When Mark and Susan Anderson were required by a statewide mandate to close the doors of their Dothan clothing and outdoor gear store, Eagle Eye Outfitters, they felt like it was a necessary sacrifice for the good of public health. By limiting retail shopping to essential items such as groceries, prescriptions, and fuel, the governor’s order takes a great many people off the streets.
Hopefully, it slows the spread of the rampant COVID-19 virus. But the closure is incredibly painful for owners like them: it has forced them to furlough more than 150 employees, and the massive loss of revenue will leave a mark on their business for years.
What the Andersons don’t understand was how it is fair for one of their local competitors, the national chain Academy Sports and Outdoors, to continue selling the same types of apparel and outdoor gear.

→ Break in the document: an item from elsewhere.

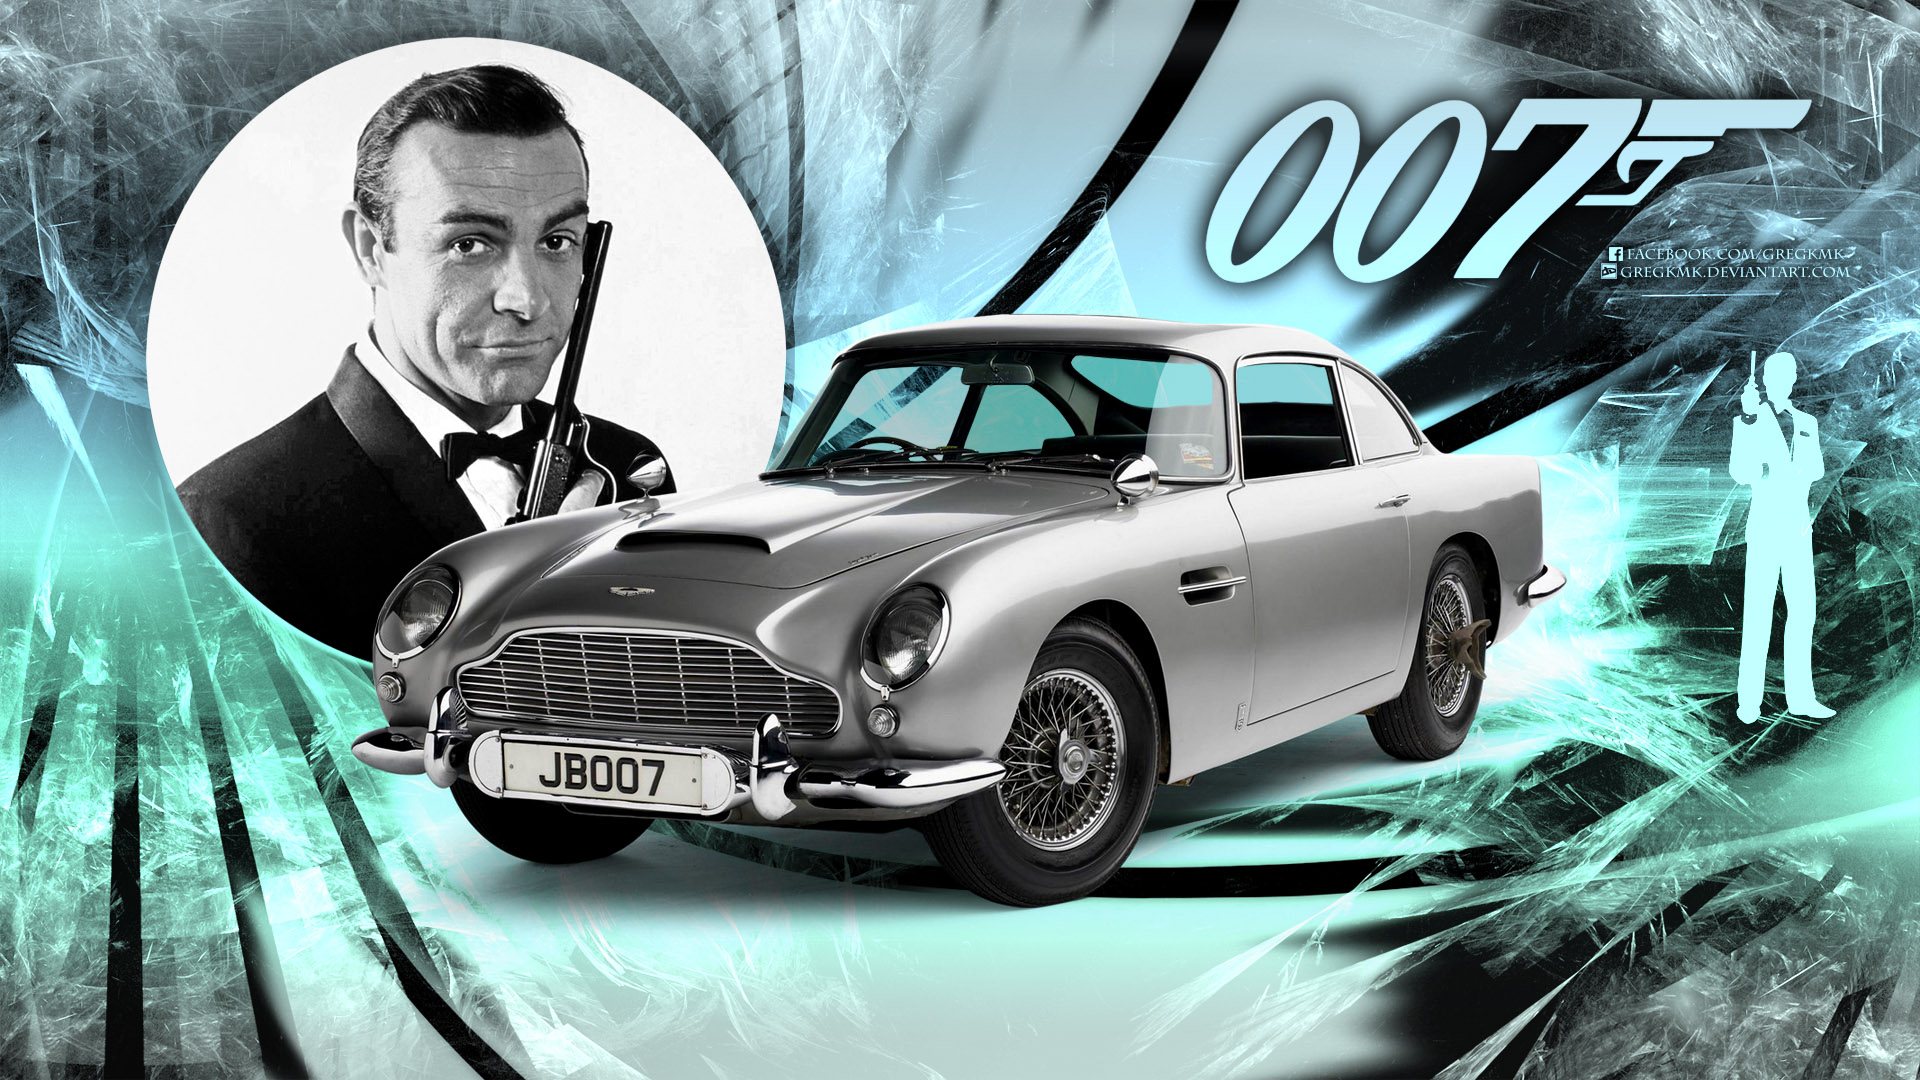 James Bond 007 Wallpaper by GregKmk on DeviantArt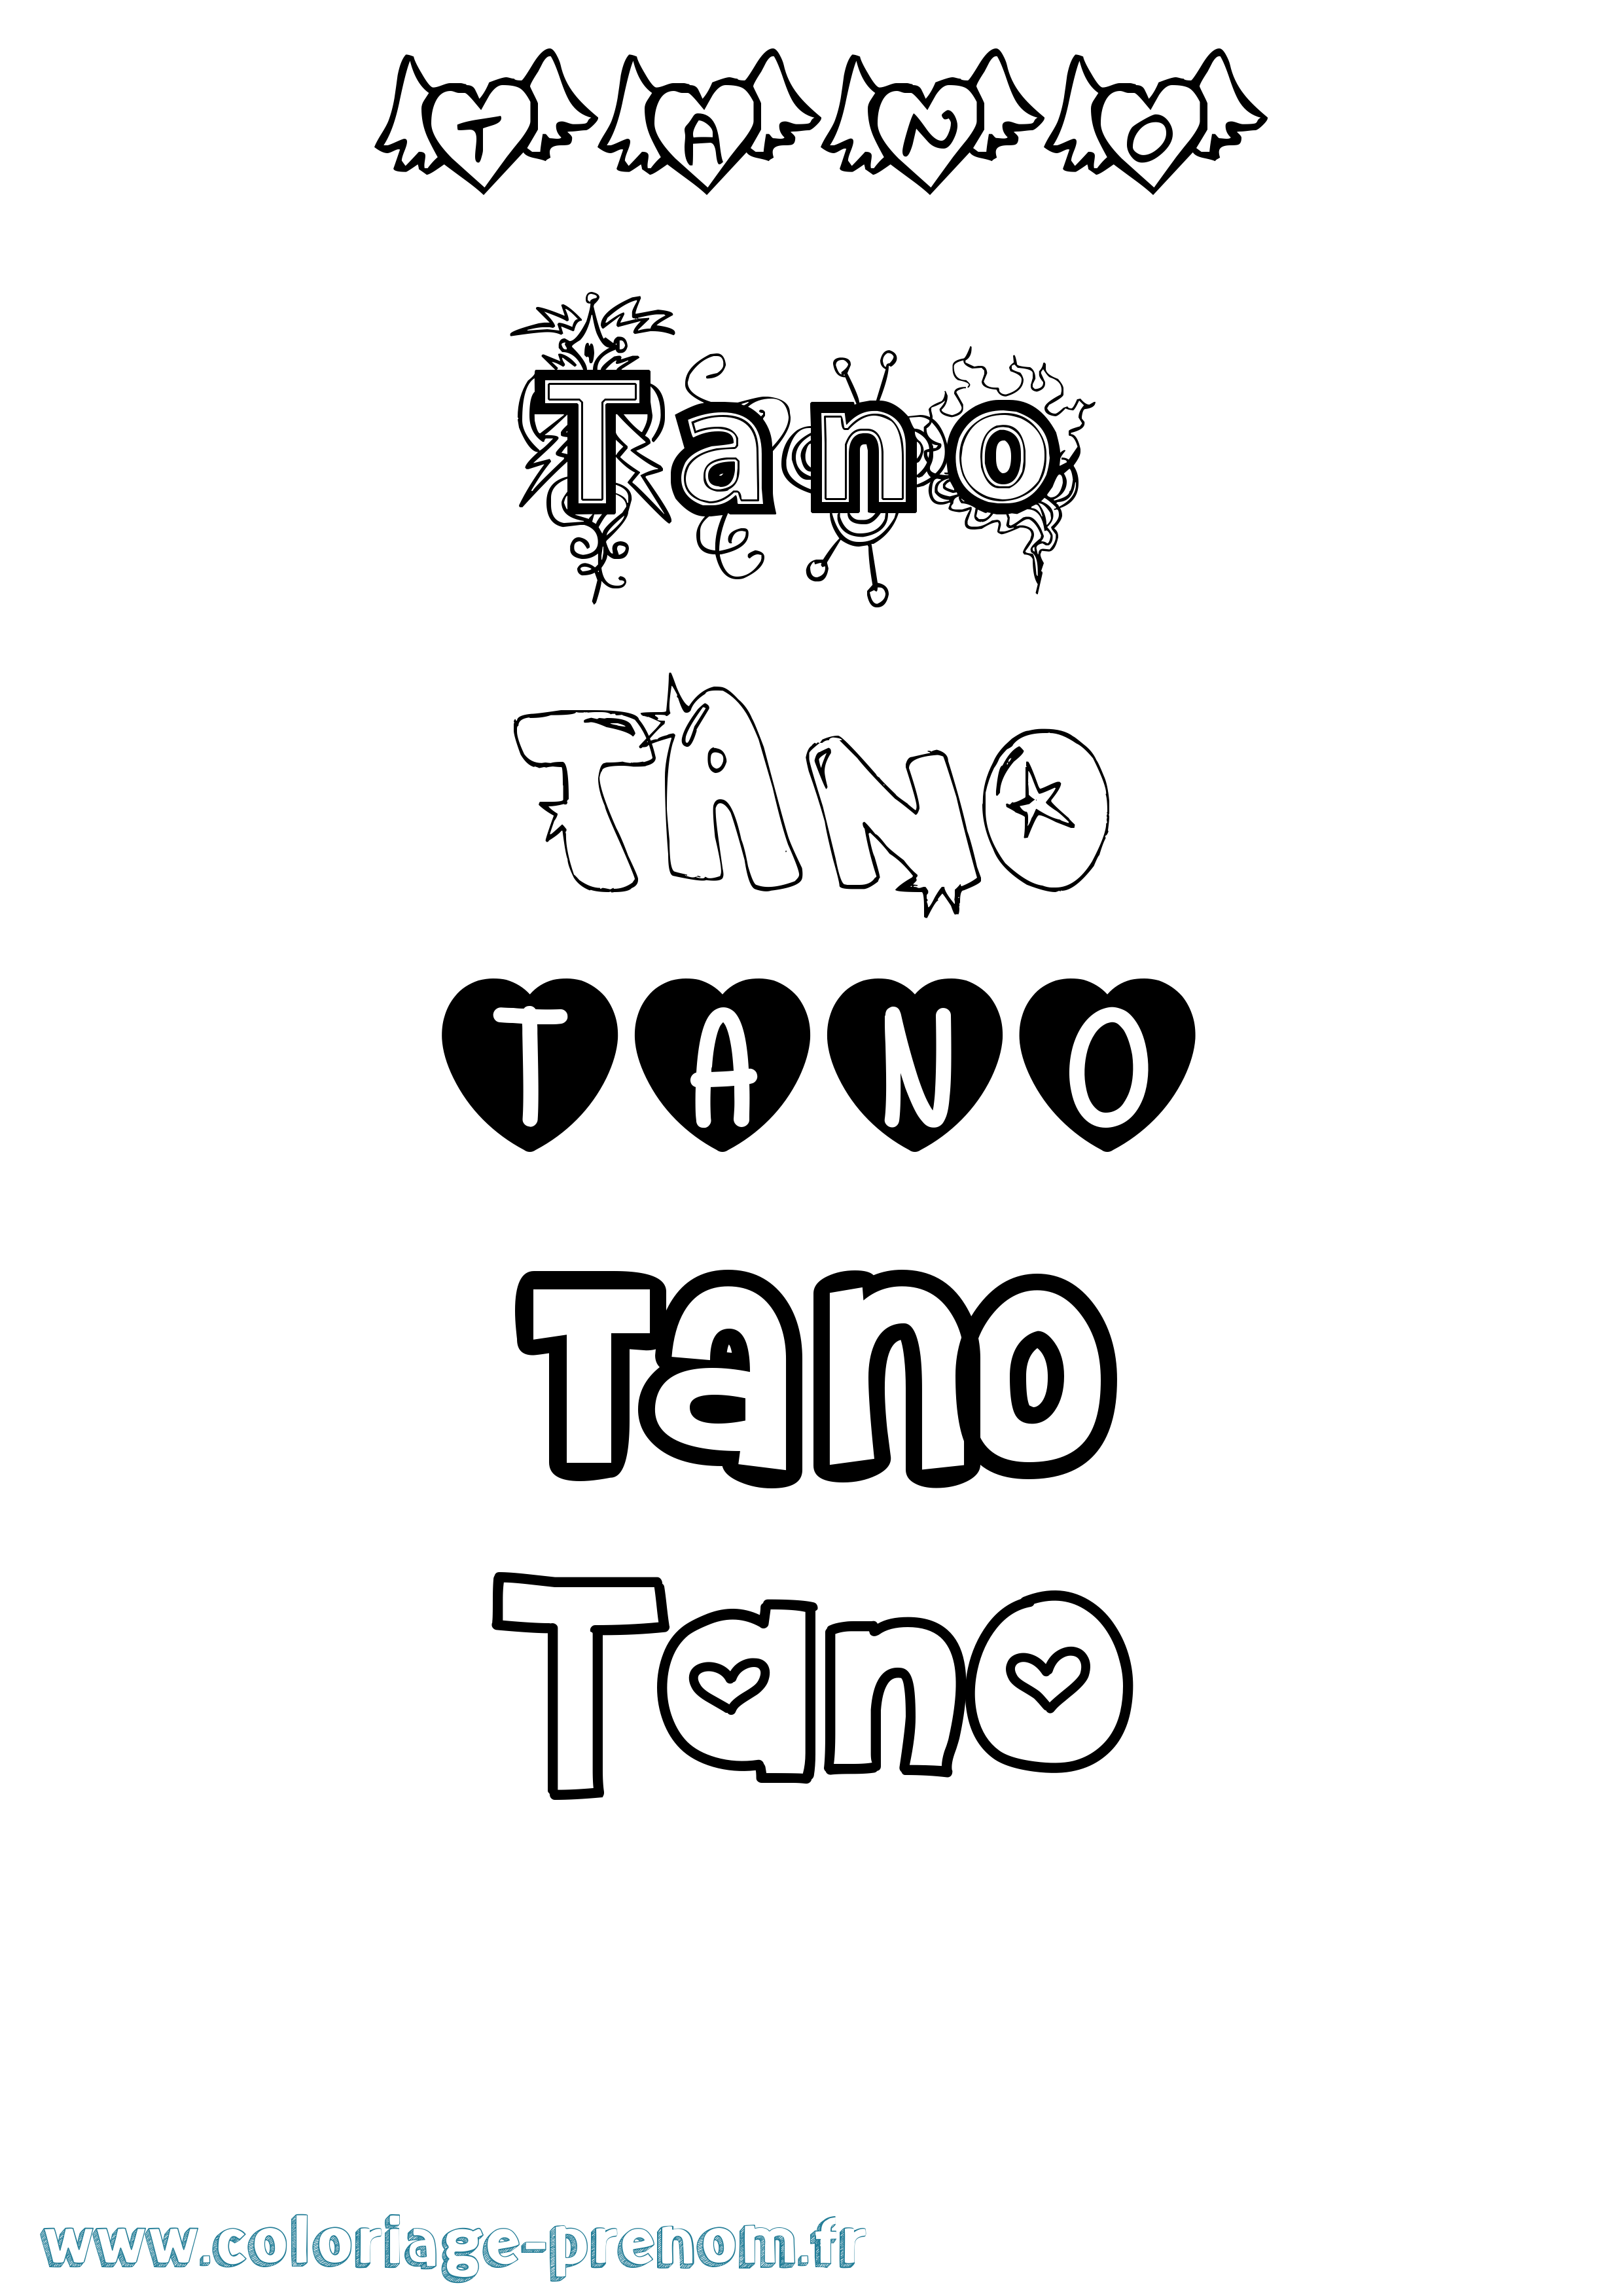 Coloriage prénom Tano Girly

In this case, the loophole for Academy is their small firearms counter. Guns and ammunition are considered essential under the current order. Therefore, Academy and others who carry firearms have been allowed to continue to do business — even if guns and ammunition are only a small percentage of their overall sales.
One of the unintended consequences of the mandate is that small businesses, which often specialize in a more narrow range of merchandise, are penalized more heavily than their national chain competitors.
You heard that right: businesses owned and operated by Alabamians are absorbing the crushing cost of total closure, while national chains based out of state continue to snatch up what little retail demand still exists in the downturn.
If all businesses operating in Alabama were restricted from selling non-essential goods, small businesses might at least expect to benefit from the pent-up economic demand that will exist once the mandate is lifted. As it is, demand for those goods and services is funneled immediately to the big chains, cutting small business owners out of the deal entirely.
Bob Couch of Couch’s Jewelers feels that his small business is paying a higher price than others, as well. While he is forced to shutter his 75-year-old family jewelry store in downtown Anniston, Wal-Mart is allowed to continue selling jewelry just a short distance away. Because they carry groceries and have a pharmacy, they are allowed to sell anything.
None of the small business owners I spoke with this week felt the retail sales restrictions were unnecessary, given the scope and seriousness of the pandemic. But they think the state government has picked winners and losers with a poorly-conceived order.
They are right. And the governor can correct it today if she chooses.
Vermont heard a similar outcry from its small business community. In response, it amended its closure order so that businesses that remain open to offer essentials are limited to just those sales. In a large department store that offers a variety of goods, selling non-essentials is temporarily prohibited. No more going to Wal-Mart for groceries, but then wandering the aisles looking for a pair of gold earrings or a sleeping bag.
These are trying times for businesses of every size. But there’s no good reason for our own state government to damage Alabama’s small business owners further.
None of us likes the loss of civil liberties, or the freedom to do business as we choose — not even for a day. But if our current public health concerns are so extraordinary as to require such restrictions, the least government can do is ensure that they be equally and fairly applied. Every business operating in this state — big box or main street — should bear its share of the burden.